12. the process of claim 1 wherein that the described feed stream that comprises one or more alkene comprises at least a alpha-olefin.

13. the process of claim 1 wherein that the described feed stream that comprises one or more alkene comprises the single alpha-olefin species of 50mol% at least.

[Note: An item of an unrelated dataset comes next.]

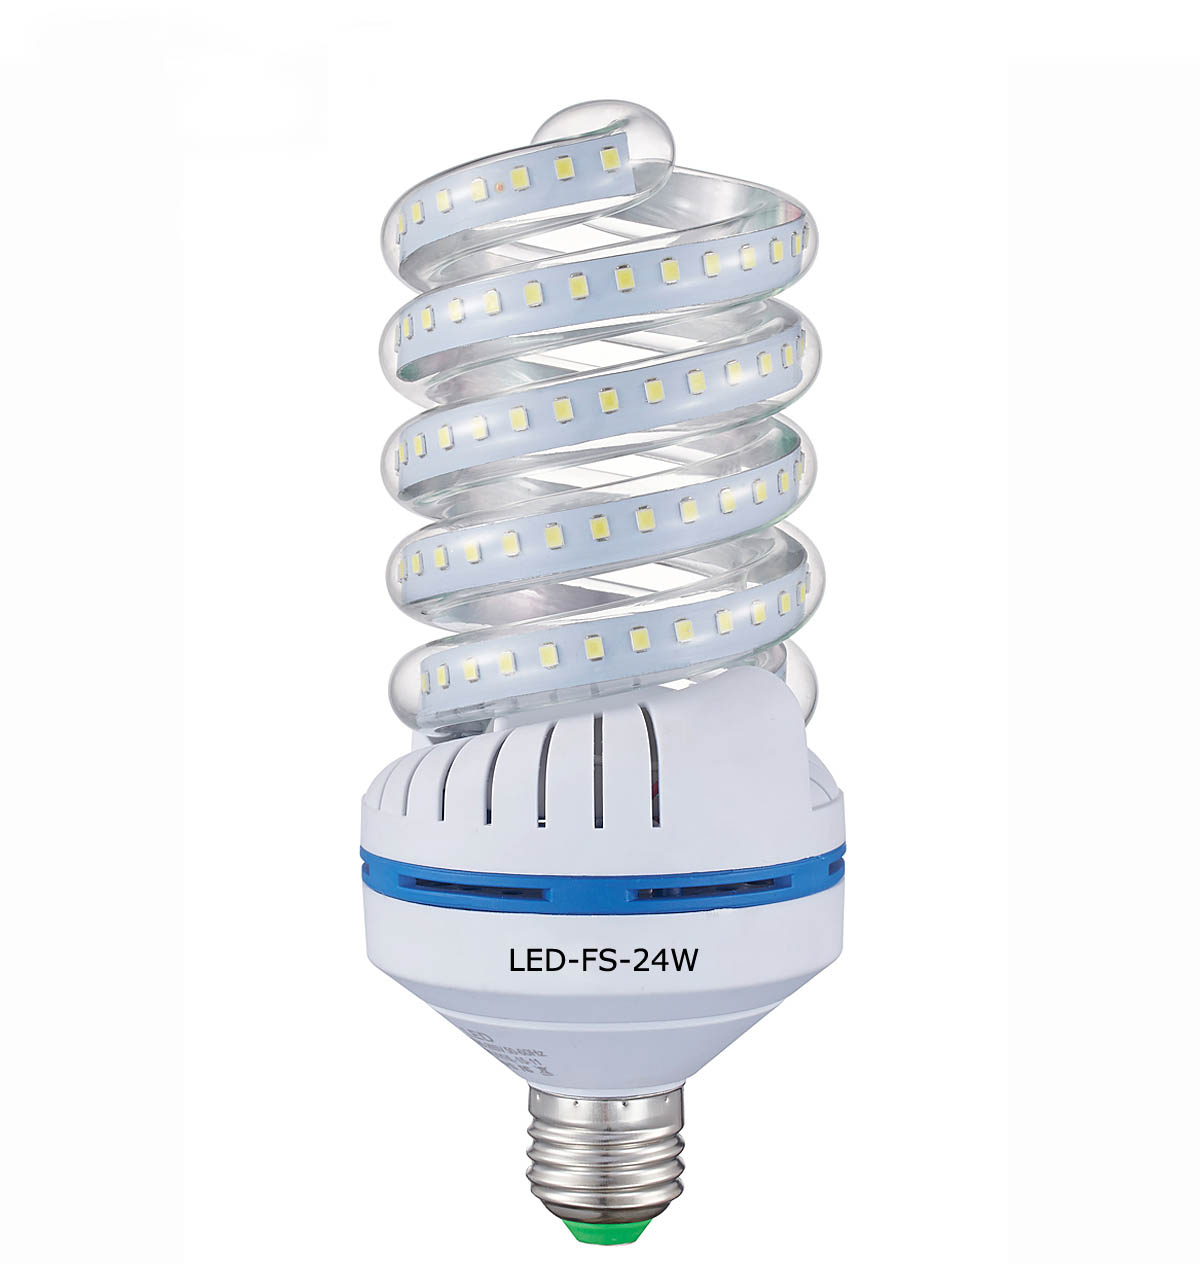 LED corn bulb 24W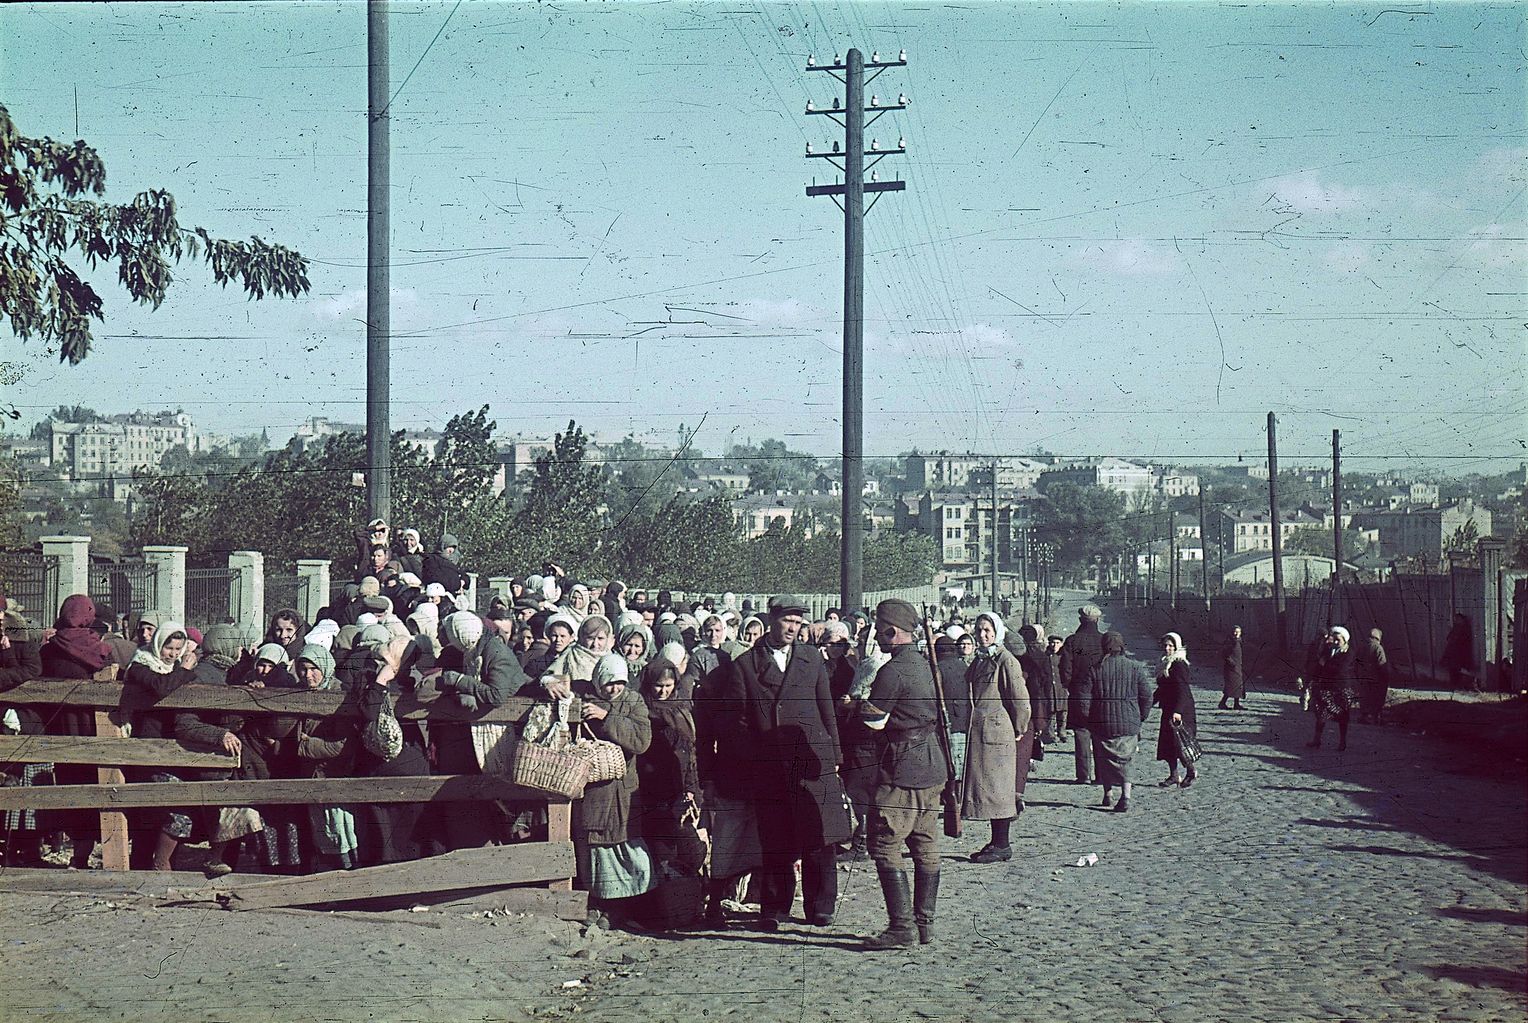 Wehrmacht ed Einsatzgruppen hanno concordato l'omicidio di tutti gli ebrei di Kiev. La foto di Johannes Hähle mostra un "ausiliario" ucraino a guardia di un "trasporto ebraico". La foto è stata scattata dopo il massacro del 29-30 settembre.

14. the process of claim 1 wherein that the described feed stream that comprises one or more alkene comprises the mixture of alpha-olefin.

15. the process of claim 1 wherein described alkylating oligomerization product is carried out hydrogenation to generate the alkylating oligopolymer of low olefin-content.

16. the method for claim 15, the bromine number of the alkylating oligopolymer of wherein said low olefin-content by ASTM D1159 survey less than 0.2.

17. the process of claim 1 wherein that described ionic liquid oligomerization district comprises acidic chloroaluminate ionic liquid catalyst.

18. the process of claim 1 wherein that described ionic liquid oligomerization district comprises different ionic-liquid catalysts with described ionic liquid alkylation zone.

19. the process of claim 1 wherein that described ionic liquid oligomerization district comprises identical ionic-liquid catalyst with described ionic liquid alkylation zone.

20. the method for claim 19, wherein said ionic liquid alkylation zone also comprises Bronsted acid.